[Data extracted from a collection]

=-=-=

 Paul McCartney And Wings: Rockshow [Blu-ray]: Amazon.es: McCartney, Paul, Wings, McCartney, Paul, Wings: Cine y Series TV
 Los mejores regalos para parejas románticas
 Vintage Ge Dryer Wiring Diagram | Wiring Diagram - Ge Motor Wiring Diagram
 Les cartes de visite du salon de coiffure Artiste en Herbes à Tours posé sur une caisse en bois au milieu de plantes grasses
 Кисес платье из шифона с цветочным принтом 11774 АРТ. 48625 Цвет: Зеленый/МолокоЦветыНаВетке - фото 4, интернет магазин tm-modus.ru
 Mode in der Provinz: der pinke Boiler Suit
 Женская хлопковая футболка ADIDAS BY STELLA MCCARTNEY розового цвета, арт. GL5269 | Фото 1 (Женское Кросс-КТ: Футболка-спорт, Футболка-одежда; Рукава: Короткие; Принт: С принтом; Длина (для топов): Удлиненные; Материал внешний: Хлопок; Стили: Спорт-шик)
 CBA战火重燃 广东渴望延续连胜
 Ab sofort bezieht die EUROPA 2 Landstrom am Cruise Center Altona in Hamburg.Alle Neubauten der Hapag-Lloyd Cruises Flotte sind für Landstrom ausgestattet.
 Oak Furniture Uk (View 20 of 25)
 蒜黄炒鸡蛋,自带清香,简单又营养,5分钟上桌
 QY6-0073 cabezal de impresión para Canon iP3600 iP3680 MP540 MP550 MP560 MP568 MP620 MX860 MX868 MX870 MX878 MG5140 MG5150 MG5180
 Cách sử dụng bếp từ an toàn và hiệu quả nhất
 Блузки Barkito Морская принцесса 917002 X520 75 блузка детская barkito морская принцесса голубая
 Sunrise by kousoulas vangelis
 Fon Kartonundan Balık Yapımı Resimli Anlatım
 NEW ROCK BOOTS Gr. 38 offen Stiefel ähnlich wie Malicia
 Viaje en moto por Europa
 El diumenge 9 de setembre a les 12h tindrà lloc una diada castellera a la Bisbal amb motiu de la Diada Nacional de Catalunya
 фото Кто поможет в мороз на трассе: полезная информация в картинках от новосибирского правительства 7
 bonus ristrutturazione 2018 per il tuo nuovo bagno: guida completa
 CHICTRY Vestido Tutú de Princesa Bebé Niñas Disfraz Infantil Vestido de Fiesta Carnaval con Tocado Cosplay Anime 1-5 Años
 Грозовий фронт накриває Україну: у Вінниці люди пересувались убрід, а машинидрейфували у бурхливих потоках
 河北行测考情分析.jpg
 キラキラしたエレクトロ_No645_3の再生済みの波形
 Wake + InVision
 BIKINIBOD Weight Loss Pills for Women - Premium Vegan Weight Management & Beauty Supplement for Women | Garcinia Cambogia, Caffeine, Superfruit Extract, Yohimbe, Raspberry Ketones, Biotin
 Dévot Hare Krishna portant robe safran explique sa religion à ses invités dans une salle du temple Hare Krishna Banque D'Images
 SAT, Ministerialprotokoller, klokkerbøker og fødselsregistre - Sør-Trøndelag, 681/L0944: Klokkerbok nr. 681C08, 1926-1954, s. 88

=-=-=

Give back every entry exactly, with nothing left out.

 Paul McCartney And Wings: Rockshow [Blu-ray]: Amazon.es: McCartney, Paul, Wings, McCartney, Paul, Wings: Cine y Series TV
 Los mejores regalos para parejas románticas
 Vintage Ge Dryer Wiring Diagram | Wiring Diagram - Ge Motor Wiring Diagram
 Les cartes de visite du salon de coiffure Artiste en Herbes à Tours posé sur une caisse en bois au milieu de plantes grasses
 Кисес платье из шифона с цветочным принтом 11774 АРТ. 48625 Цвет: Зеленый/МолокоЦветыНаВетке - фото 4, интернет магазин tm-modus.ru
 Mode in der Provinz: der pinke Boiler Suit
 Женская хлопковая футболка ADIDAS BY STELLA MCCARTNEY розового цвета, арт. GL5269 | Фото 1 (Женское Кросс-КТ: Футболка-спорт, Футболка-одежда; Рукава: Короткие; Принт: С принтом; Длина (для топов): Удлиненные; Материал внешний: Хлопок; Стили: Спорт-шик)
 CBA战火重燃 广东渴望延续连胜
 Ab sofort bezieht die EUROPA 2 Landstrom am Cruise Center Altona in Hamburg.Alle Neubauten der Hapag-Lloyd Cruises Flotte sind für Landstrom ausgestattet.
 Oak Furniture Uk (View 20 of 25)
 蒜黄炒鸡蛋,自带清香,简单又营养,5分钟上桌
 QY6-0073 cabezal de impresión para Canon iP3600 iP3680 MP540 MP550 MP560 MP568 MP620 MX860 MX868 MX870 MX878 MG5140 MG5150 MG5180
 Cách sử dụng bếp từ an toàn và hiệu quả nhất
 Блузки Barkito Морская принцесса 917002 X520 75 блузка детская barkito морская принцесса голубая
 Sunrise by kousoulas vangelis
 Fon Kartonundan Balık Yapımı Resimli Anlatım
 NEW ROCK BOOTS Gr. 38 offen Stiefel ähnlich wie Malicia
 Viaje en moto por Europa
 El diumenge 9 de setembre a les 12h tindrà lloc una diada castellera a la Bisbal amb motiu de la Diada Nacional de Catalunya
 фото Кто поможет в мороз на трассе: полезная информация в картинках от новосибирского правительства 7
 bonus ristrutturazione 2018 per il tuo nuovo bagno: guida completa
 CHICTRY Vestido Tutú de Princesa Bebé Niñas Disfraz Infantil Vestido de Fiesta Carnaval con Tocado Cosplay Anime 1-5 Años
 Грозовий фронт накриває Україну: у Вінниці люди пересувались убрід, а машинидрейфували у бурхливих потоках
 河北行测考情分析.jpg
 キラキラしたエレクトロ_No645_3の再生済みの波形
 Wake + InVision
 BIKINIBOD Weight Loss Pills for Women - Premium Vegan Weight Management & Beauty Supplement for Women | Garcinia Cambogia, Caffeine, Superfruit Extract, Yohimbe, Raspberry Ketones, Biotin
 Dévot Hare Krishna portant robe safran explique sa religion à ses invités dans une salle du temple Hare Krishna Banque D'Images
 SAT, Ministerialprotokoller, klokkerbøker og fødselsregistre - Sør-Trøndelag, 681/L0944: Klokkerbok nr. 681C08, 1926-1954, s. 88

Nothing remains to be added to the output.